Im not sure how the table actually works on the Haltec (cant find any info in the help file). Do you type in actual timing numbers (like i do) or if you type in correction numbers. I suspect correction numbers so i tried to mimic my Link table into a Haltec one (in the second picture attached) this way. I put 0 degree correction at 0 rpm error and so on...
Try something like this and see how it fits.
You should idle at around half duty of ICV, so make an adjustment of ignition timing to achieve that.
Typically I don't like to have the timing consistently sitting any more retarded than about 5 degrees BTDC. A good range of useful control in most cases would be about 0-25 degrees. Any more advanced than 25 degrees at idle won't be a positive effect on engine torque. You can allow the idle control system to pull more timing to quickly control idle speed surging but watch what's happening and make sure the system isn't constantly sitting more retarded than 5 deg.

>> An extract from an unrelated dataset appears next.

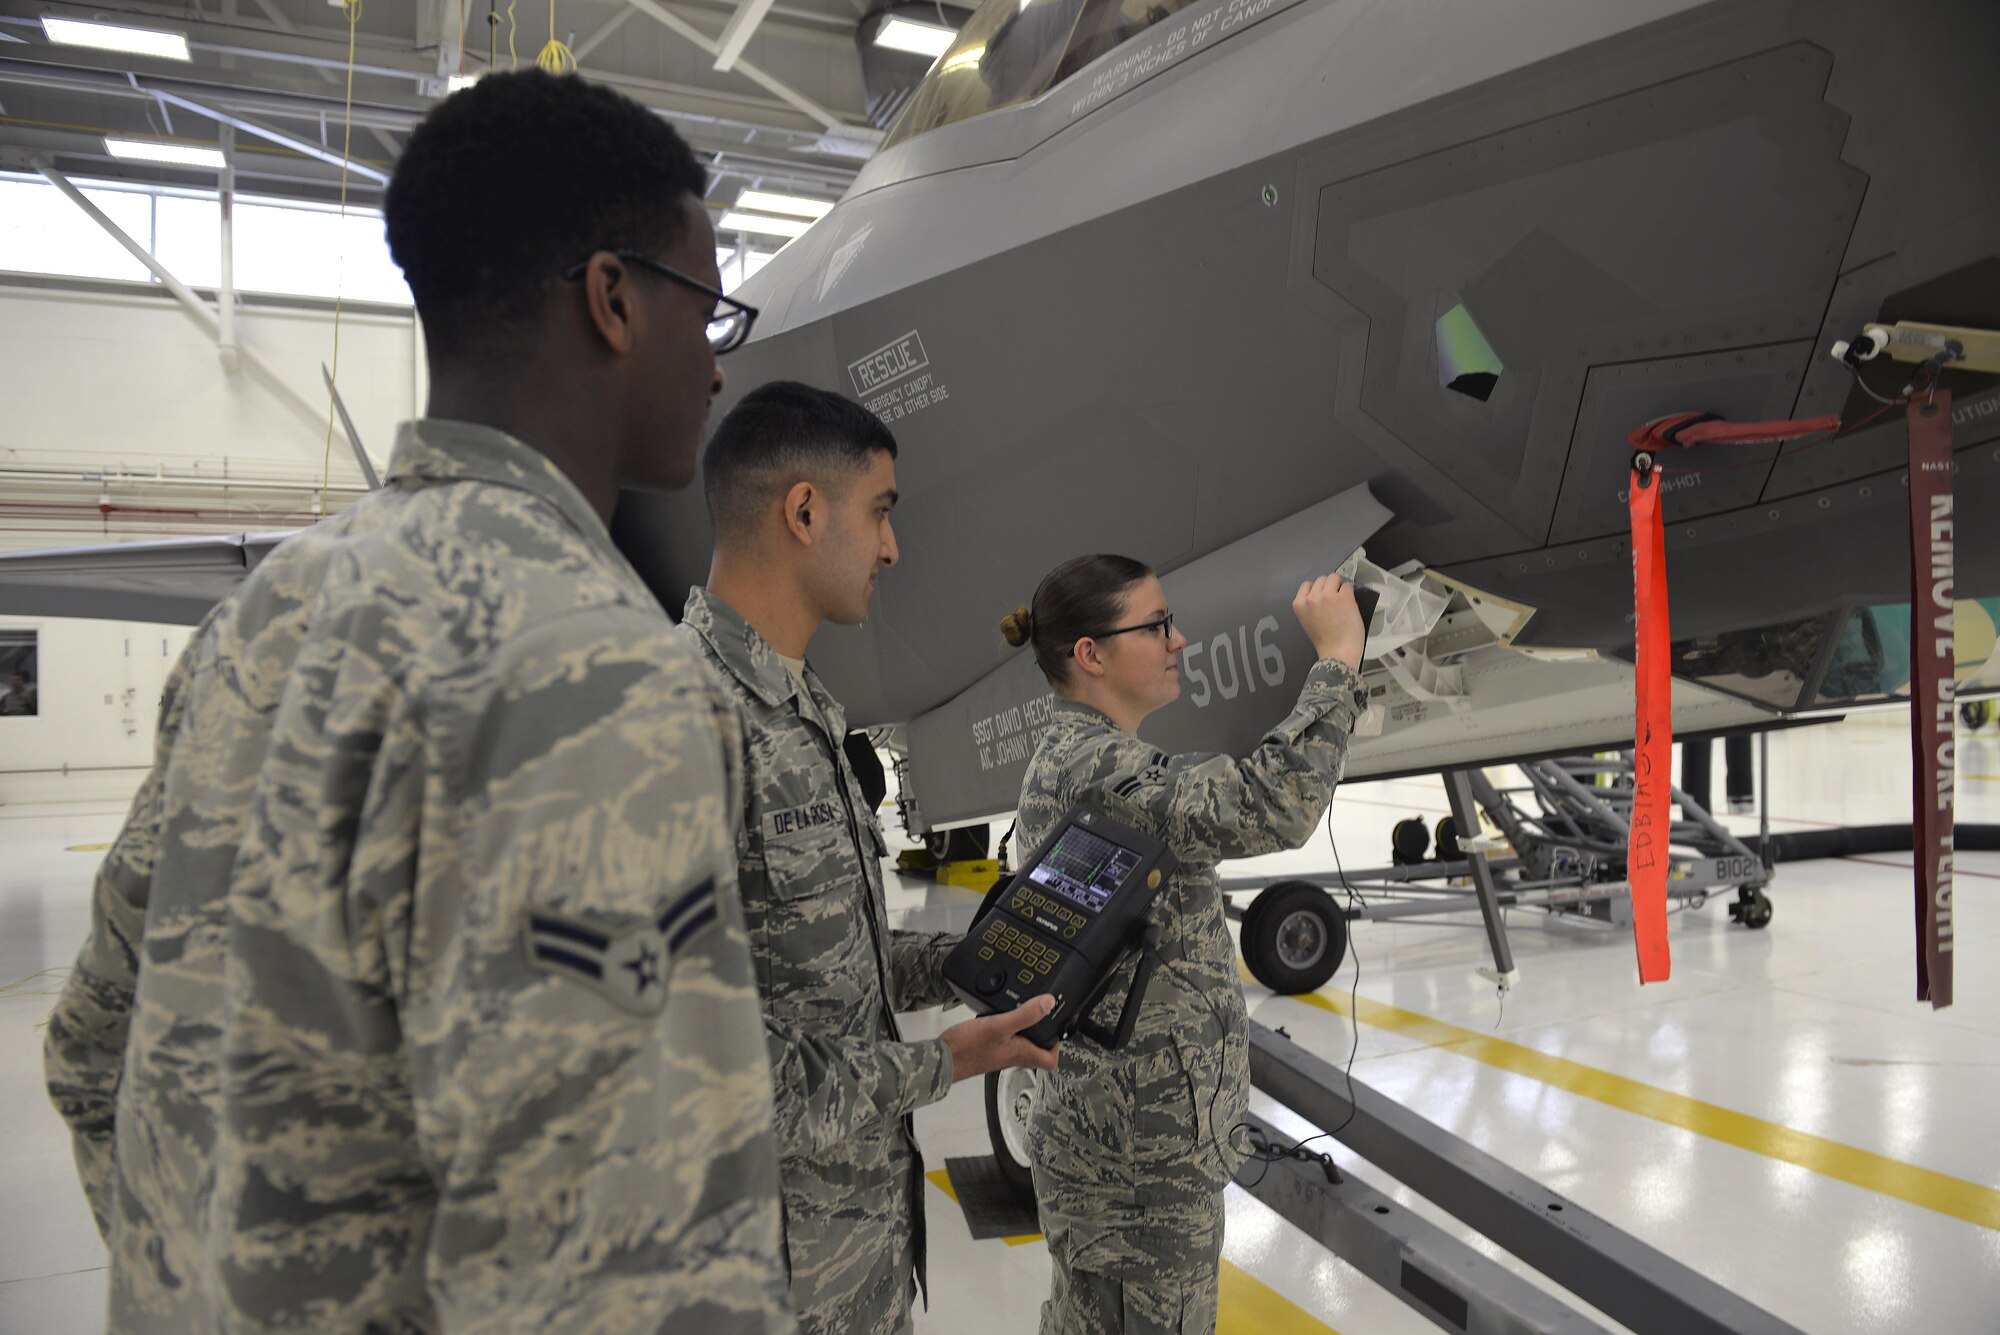 Nondestructive inspection Airmen use a transducer to check for imperfections on an F-35A Lightning II panel at Eglin Air Force base Fla., May 16, 2016. This piece of equipment uses sound vibrations to check for cracks in the inner layers of metal on a jet that may go unnoticed by the naked eye. If there is underlying damage, the Sonic 1200 unit will reflect the depth of damage in need of repair. (U.S. Air Force photo/Senior Airman Andrea Posey)

Just wanted to say thanks to all who answered. Makes perfect sense now and my idle is in range of the specs provided.
kickerzx, I had actually already built a similar table to what you had posted and it works great. I was just wanting to verify that it was ok to do. Also, good to see another twinturbo.net member on here :)
Yeah. As far as i have observed us two are the only ones here
Bout your idle. Not having the air regulator hooked up will let alot of air into the intake. So that will not help with high idle.
Also, how is that affecting boost situations? Im not near my car atm so im just trying to visualise it in my head. Wont the air just rush back into the pre turbo pipe? Will have to take a look when i get home...
Had a look. So yes it will let air straight back before the turbo basicaly making a boostleak.
So i guess you might have the balancetube plugged up to avoid this?